Впрочем, я отвоевал свое право на курсы. Сказал, подвернулась халтура и мне выдали небольшой гонорар. На самом деле, я решил сэкономить на транспорте. Передвигался всюду, где это было можно, пешком. Особенно тяжело пришлось поначалу. Между станцией метро и институтом километра четыре – не меньше.
Зал оказался забит. Девушек оказалось подавляющее большинство. Мужчины компактно расположились на последнем ряду. Лишь один – в белом балахоне с довольно дикой надписью Kanye West сидит спереди. В этой аудитории он выглядит чересчур неуместно.
На лекциях мы сидели в подвале дома, в котором жил Киров. Подвал хороший, сделан ремонт, все удобно, но есть маленький нюанс. Прекрасно слышно, когда кто-то из жильцов дома спускает воду, в унитаз. Это немного отвлекало от литературы.
Когда началось занятие, я неожиданно обнаружил, что клюю носом. В аудитории было очень душно, а лекция не посвящена природе оргазма у двадцатилетних лесбиянок, поэтому приходилось бороться с собой. Щипать за руку, например.
С каждой минутой удержаться в реальности становилось все труднее и труднее.

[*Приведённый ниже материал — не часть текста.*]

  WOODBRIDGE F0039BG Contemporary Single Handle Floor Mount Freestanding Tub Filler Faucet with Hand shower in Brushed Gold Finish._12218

До меня доносились какие-то обрывки фраз. «Сэлинджер учился в школе средне», «Сэлинджер отправился на фронт, хоть и был пацифистом». Что-то в этом роде. С каждой минутой фразы становились все менее ясными. Вскоре я уже с трудом понимал, о чем идет речь. Сэлинджер? Кто такой Сэлинджер? Американский гангстер?
Я изо всех сил старался не уснуть, потому что это казалось мне довольно глупым. Но я, кажется, все-таки уснул. Случайно. Кажется, даже успел увидеть какой-то сон. А потом у меня из рук выпала ручка. Я встрепенулся. Показалось, что раздался невообразимый шум, и все смотрят на меня. Но это было не так. Всем было на меня плевать.

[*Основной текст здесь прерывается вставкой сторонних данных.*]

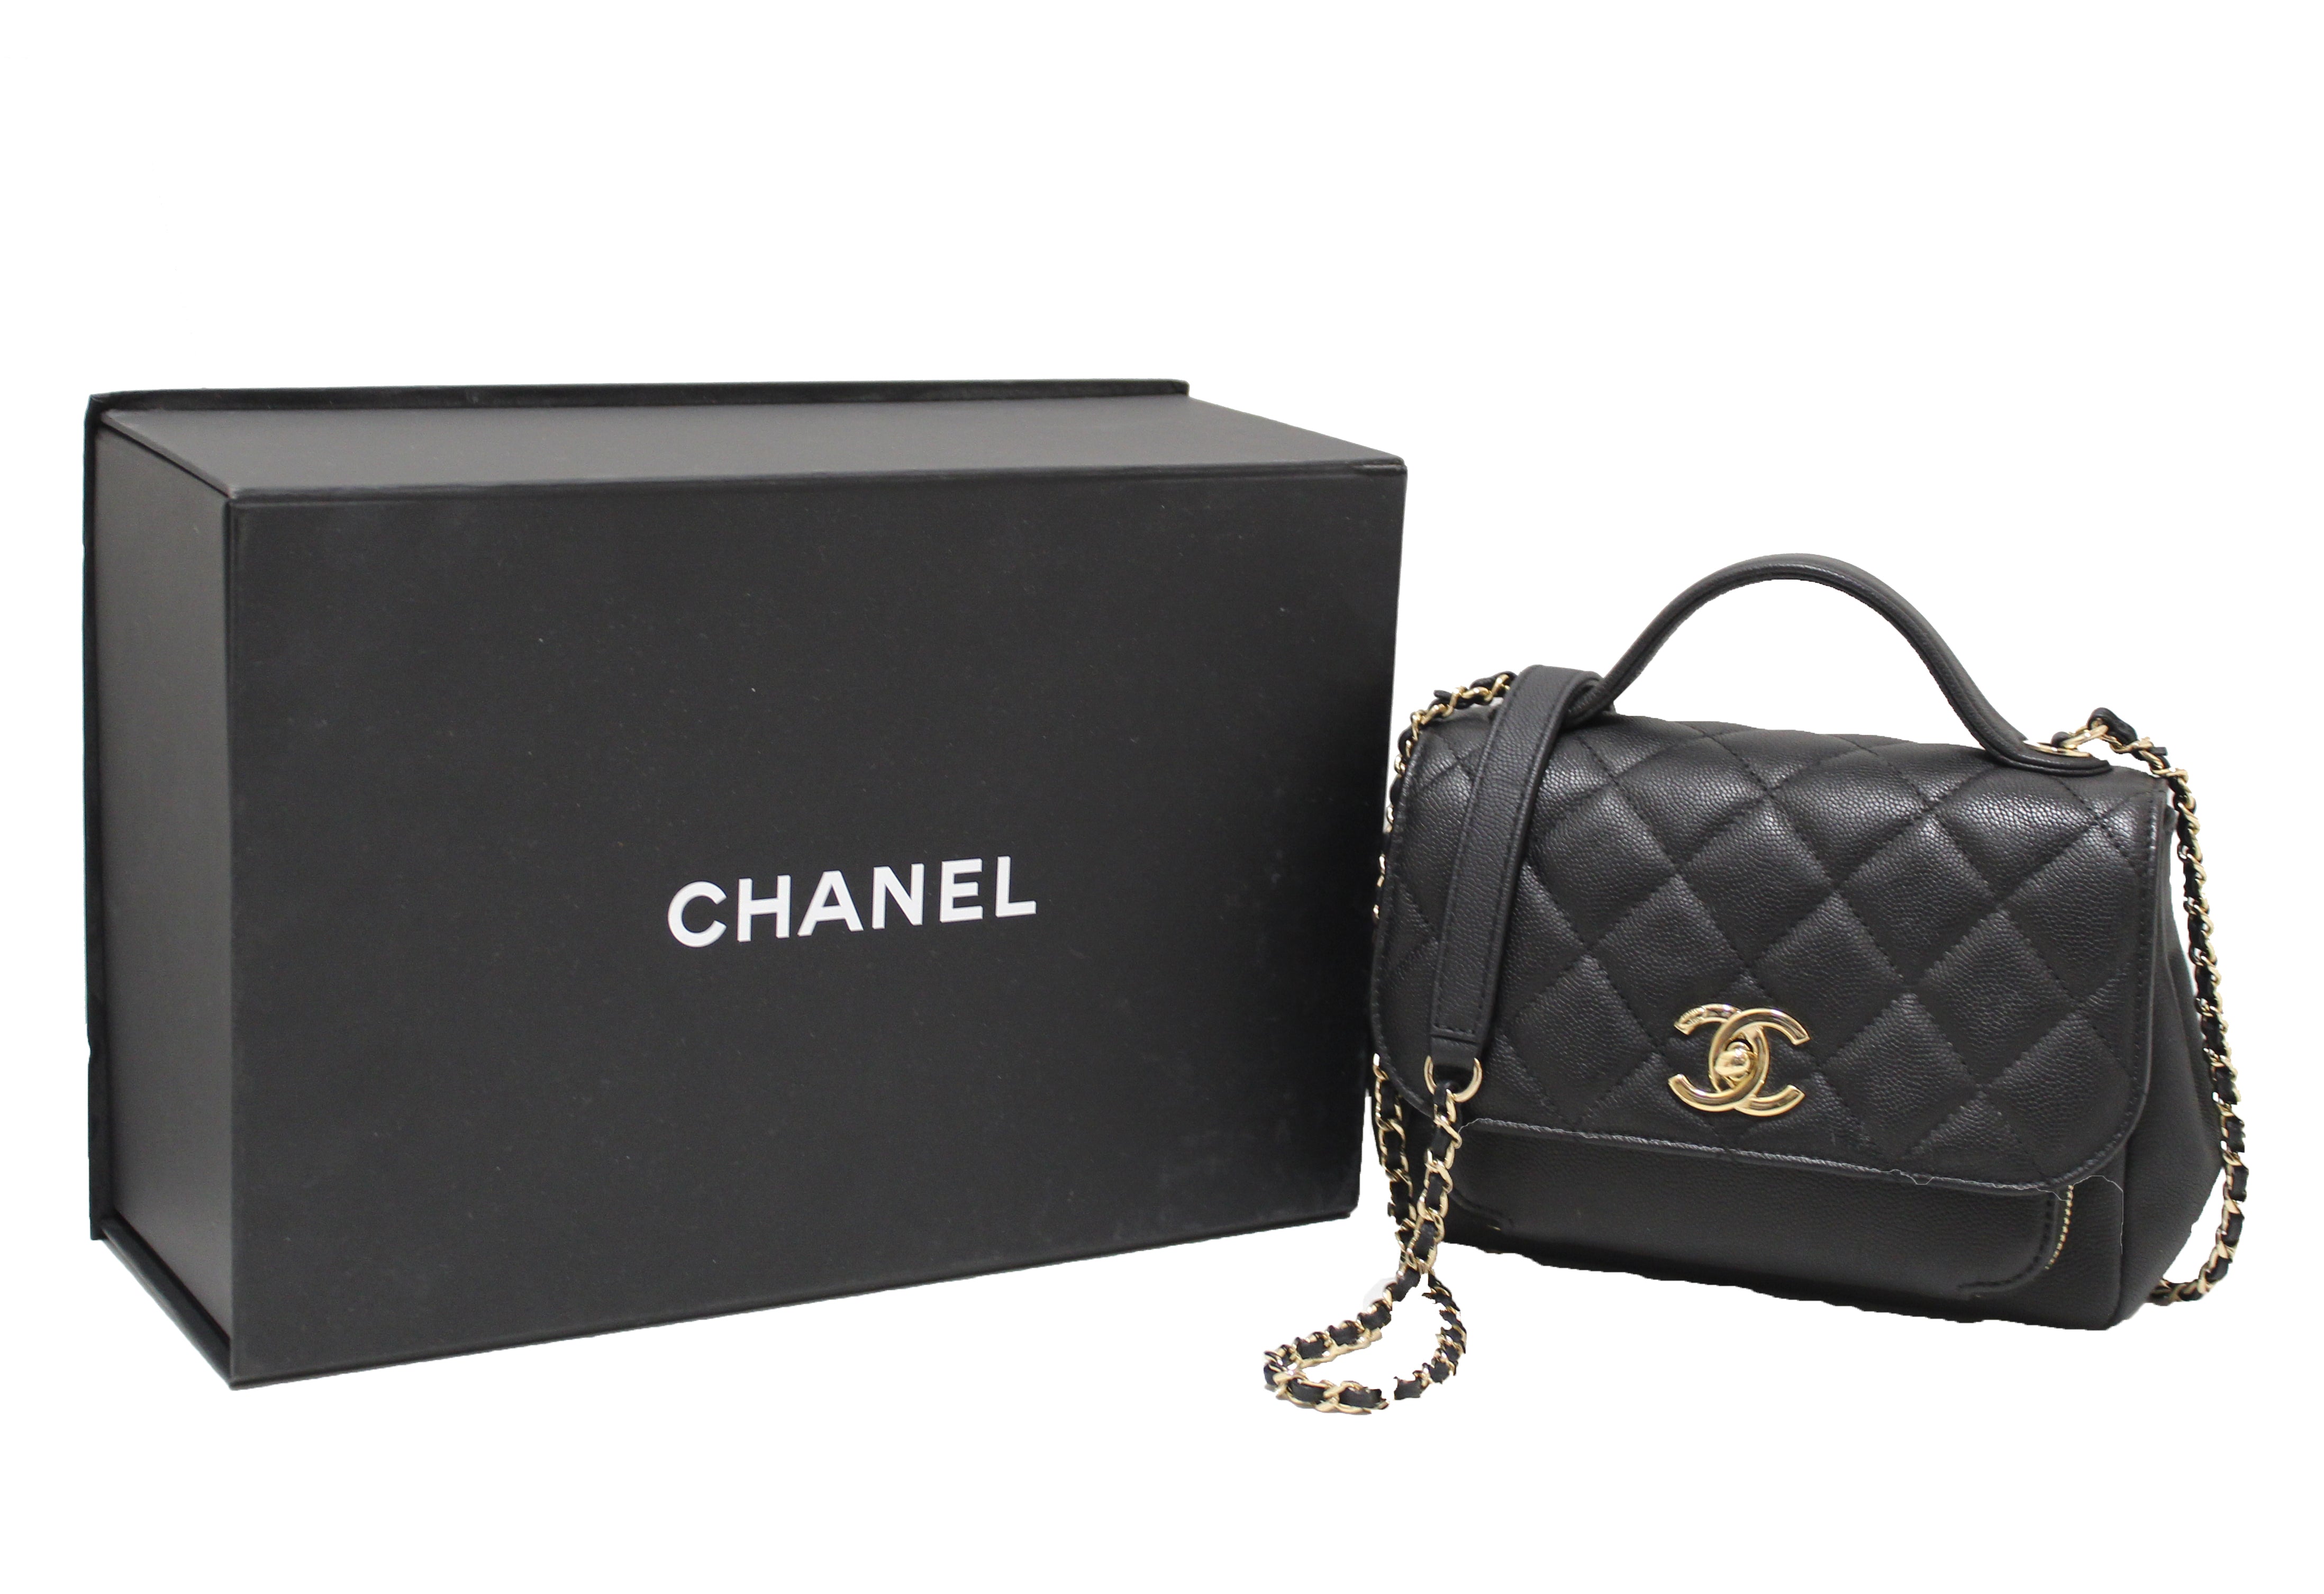 Business affinity leather handbag Chanel Black in Leather - 31302459

Я огляделся. Кто-то внимательно слушал лектора. Кто-то корябал что-то в блокноте. Кто-то смотрел фильм на телефоне. Два человека, прикрыв глаза рукой, посыпывали. Видимо, сказывалась студенческая привычка.
Потом лектор объявил перерыв. Я обрадовался возможности поспать еще хотя бы десять минут. Но сон, как на зло, пропал. Я даже начал считать коров, но ничто не помогло. Сон не шел. Я даже взбодрился.
Вторая половина лекция тоже оказалась скучной. Лектор пересказывал рассказа Сэлинджера, которые я уже читал. «Лапа-растяпа», например. И «Хорошо ловится рыбка-бананка». Я слушал и, прикрыв рот рукой, зевал. Но спать уже не хотелось, и это было хорошо.
Лекция уже подходила к концу, когда я заметил, что у соседа течет изо рта слюна.
Дома подруга спросила:
— Ну как?
Я пожал плечами.
— Никак.
— В смысле?
— Сэлиндер ушел на фронт.
Подруга фыркнула.
— И это все?
— Да.
Подруга была очень недовольна. С лекциями было покончено.

Воскресный рассказ в среду. Нэшвилл, штат Теннесси

Почему бы не выложить воскресный рассказ в среду, раз я был за бугром и одно воскресенье пропустил, да?

Петербург называют северным Нэшвиллом.
Ну то есть, как называют…
Есть у нас тут один малый. Зовут Степой. По паспорту. Но он просит называть себя Сэм. Ладно, Сэм – так Сэм. Мы не против. Мы называем.
Сэм – человек специфический. Он, как говорится, немного двинулся на всей этой ковбойской теме. Ну знаете там: салуны, кольты, табуны, прерии. Наверное, вестернов пересмотрел в детстве. А может – и еще что.
Сэм не просто ходит. Он гарцует. На голове у него шляпа. Точь-в-точь как у Михаила Боярского в фильме «Человек с бульвара Капуцинов». То есть, совпадение с ковбоями вряд ли можно назвать стопроцентным. Завершают образ глухое пальто черного цвета и потрепанные сапоги, которые принято почему-то называть «Казаками».
Он идет по улице, во рту у него зажата цигарка. Прохожие оборачиваются. Бабушки цокают языком.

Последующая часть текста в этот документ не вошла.